- Born: c. 1710 Cherkasy, Cossack Hetmanate (present-day Ukraine)
- Died: c. 1782 (aged 71–72) Saint Petersburg, Tsardom of Russia
- Genres: Classical
- Occupations: Composer, musician
- Instruments: lute; kobza; bandura;

= Timofiy Bilohradsky =

Ukrainian composer

Timofiy Bilohradsky (Тимофій Білоградський), also given as Belogradsky, or Pelogradsky (c. 1710 – c. 1782) was a lutenist, composer and kobzar-bandurist of Ukrainian ethnicity. He was active in St. Petersburg and Königsberg.

==Life==
Little is known about Bilohradsky's childhood. He is thought to have been born in or near the city of Cherkasy (now in Ukraine) and that he learned to play the kobza and the lute at the Hlukhiv Music Academy. He is said to have had an excellent singing voice and great musical aptitude. In 1725 he was invited to St Petersburg to sing in the Imperial Church Capella. In 1733 Tsarina Anna sent Bilohradsky to Dresden in the retinue of the ambassador, Hermann Karl von Keyserling. In Dresden, Bilohradsky was able to perfect his lute playing under the tutelage of Silvius Leopold Weiss - the most important lutenist-composer of the 18th century. He also studied voice with Faustina Bordoni-Hasse, and castrato Domenico Annibali. Bilohradsky became one of the highest trained musicians in the Russian Court Capella.

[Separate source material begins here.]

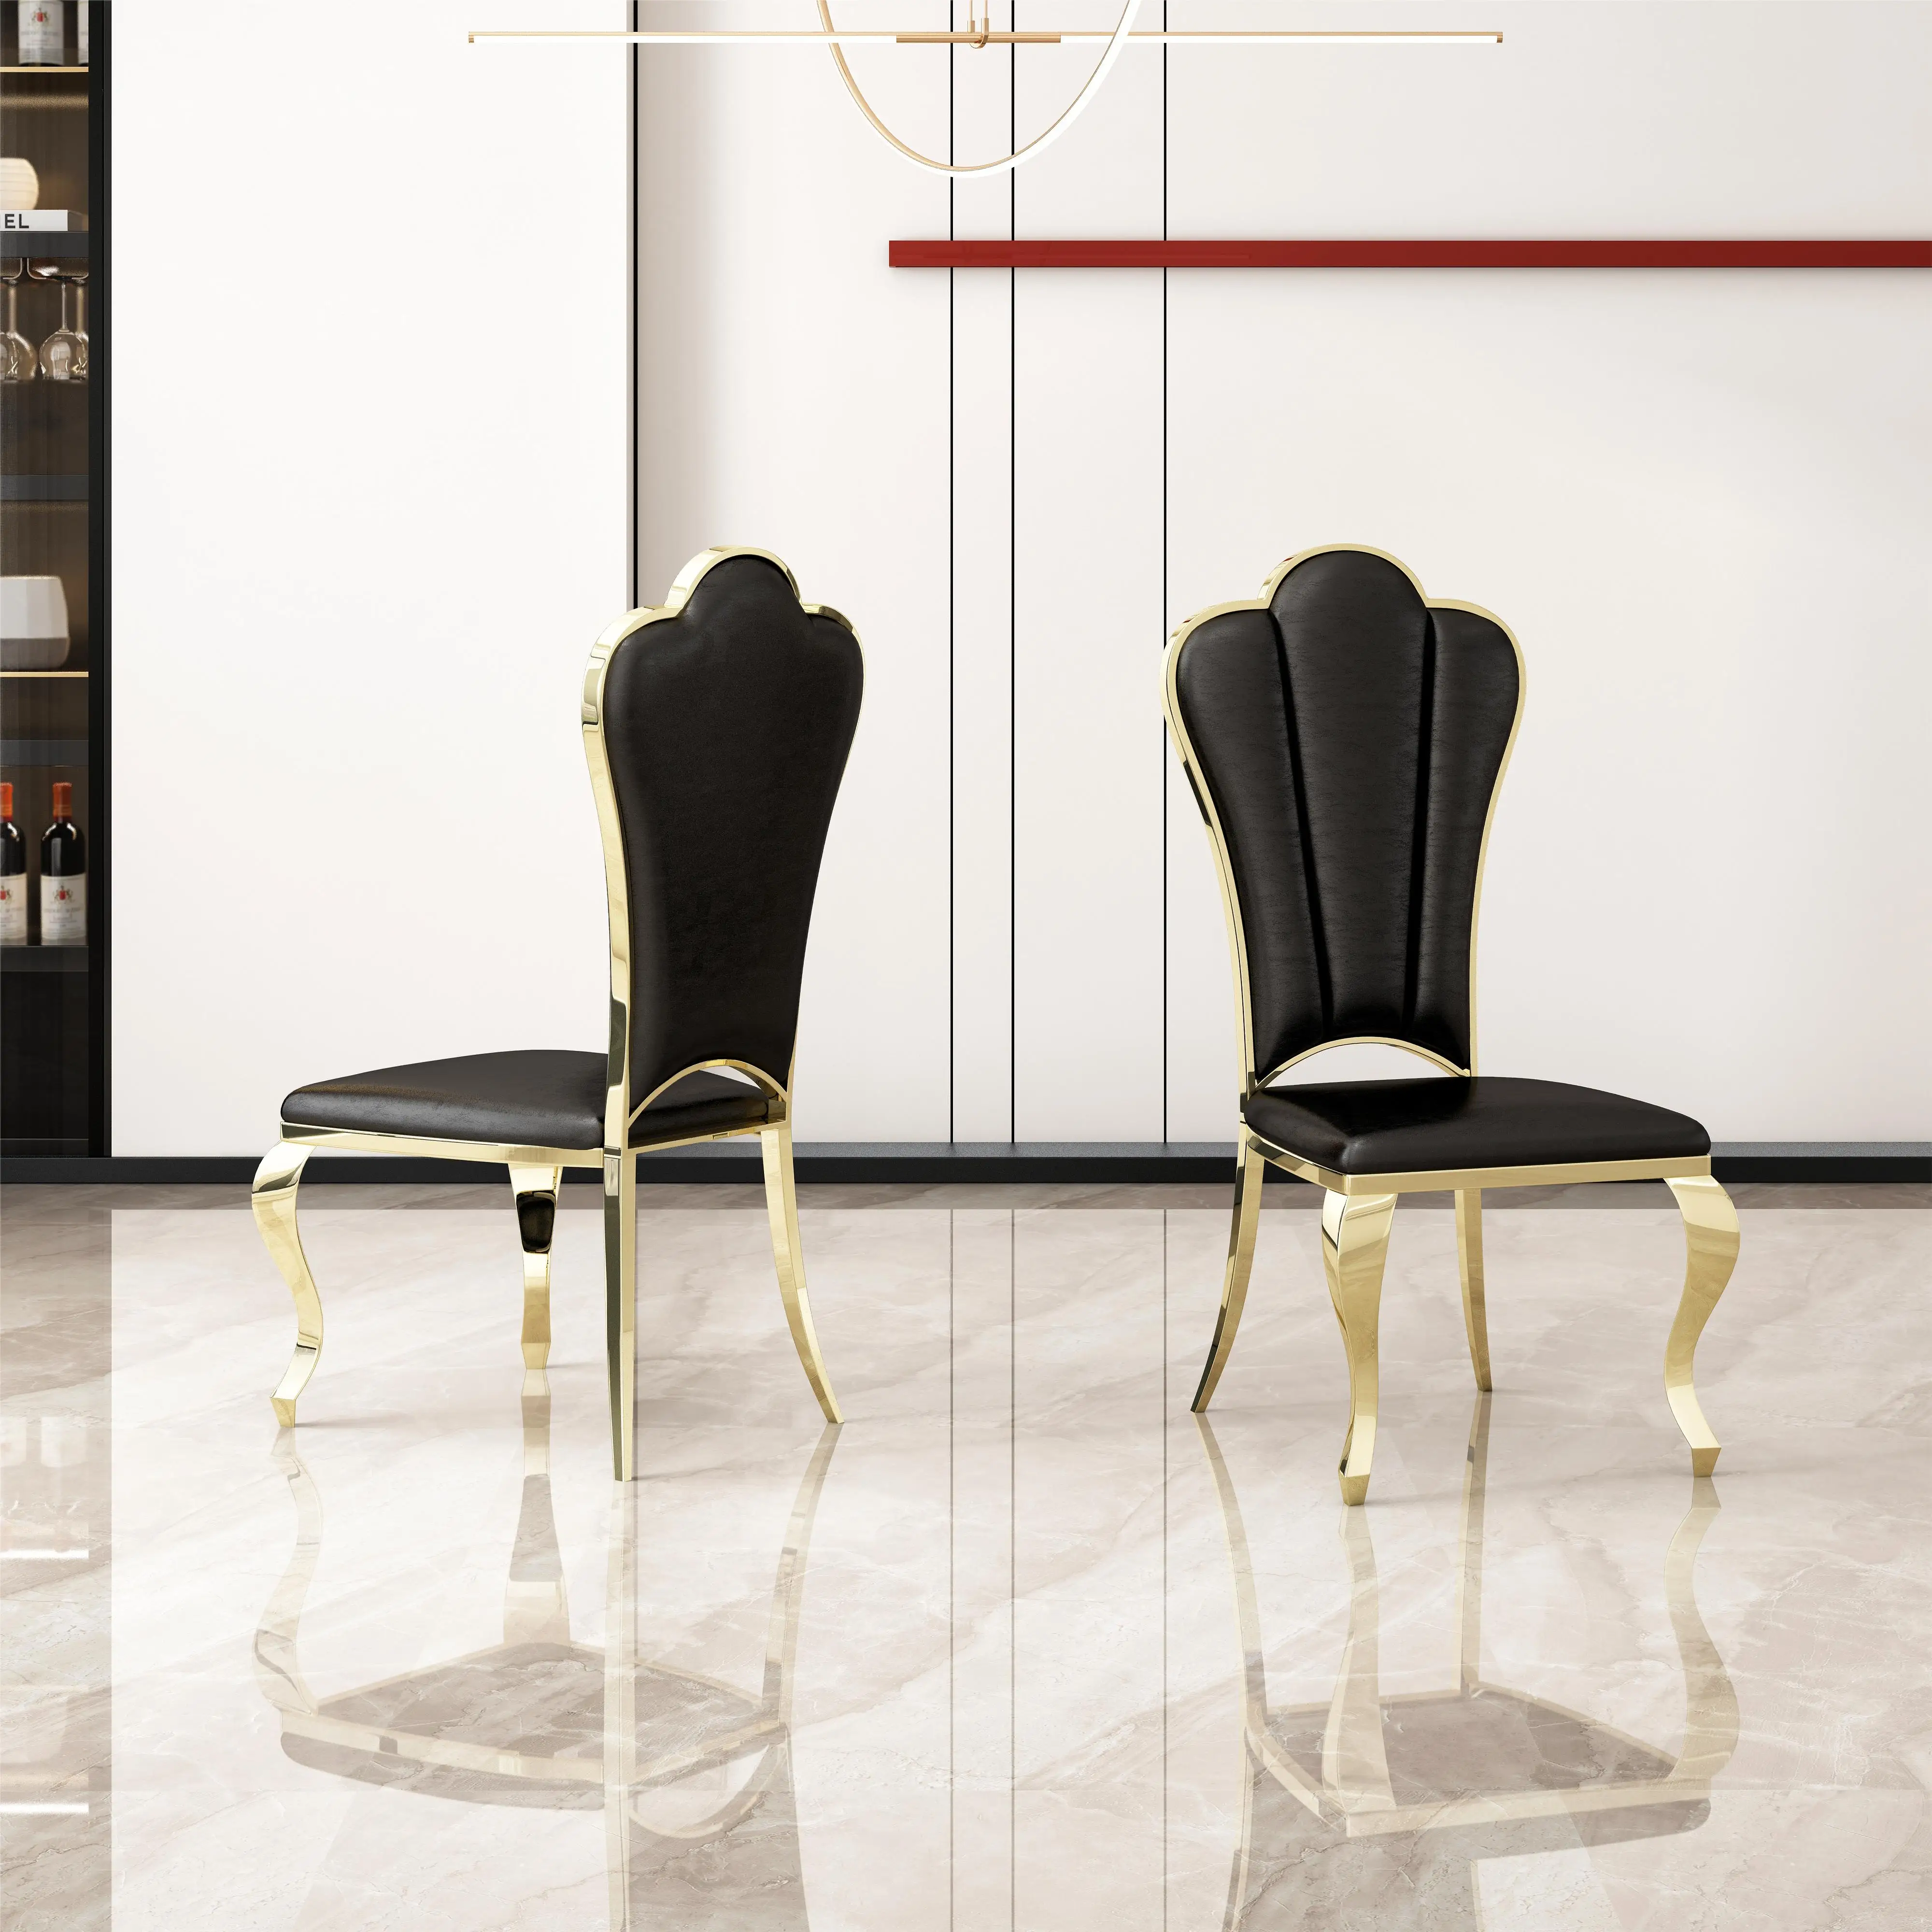 

Набор из 2 современных обеденных стульев из искусственной кожи, уникальный дизайн спинки с полосатым безрукавным стулом

In 1739, Bilohradsky returned to St Petersburg, where he continued to work as a court musician. In 1741 he returned to Germany where he became known as a virtuoso lutenist and singer and for some time lived in Königsberg where he had a number of students - notably Johann Reichardt (father of Johann Friedrich Reichardt), and Johann Georg Hamann, the Sturm-und-Drang philosopher.

In his last years he lived in Petersburg. The "Moscow Weiss Manuscript" is ascribed to Bilohradsky or his circle. As a composer Bilohradsky is known for a set of songs and romances to the texts by Sumarokov that enjoyed considerable popularity in the 18th century.

His niece, Yelizaveta Belogradskaya, became famous as a first Russian opera-singer, she sang at the Imperial St. Petersburg opera and was also known as a composer.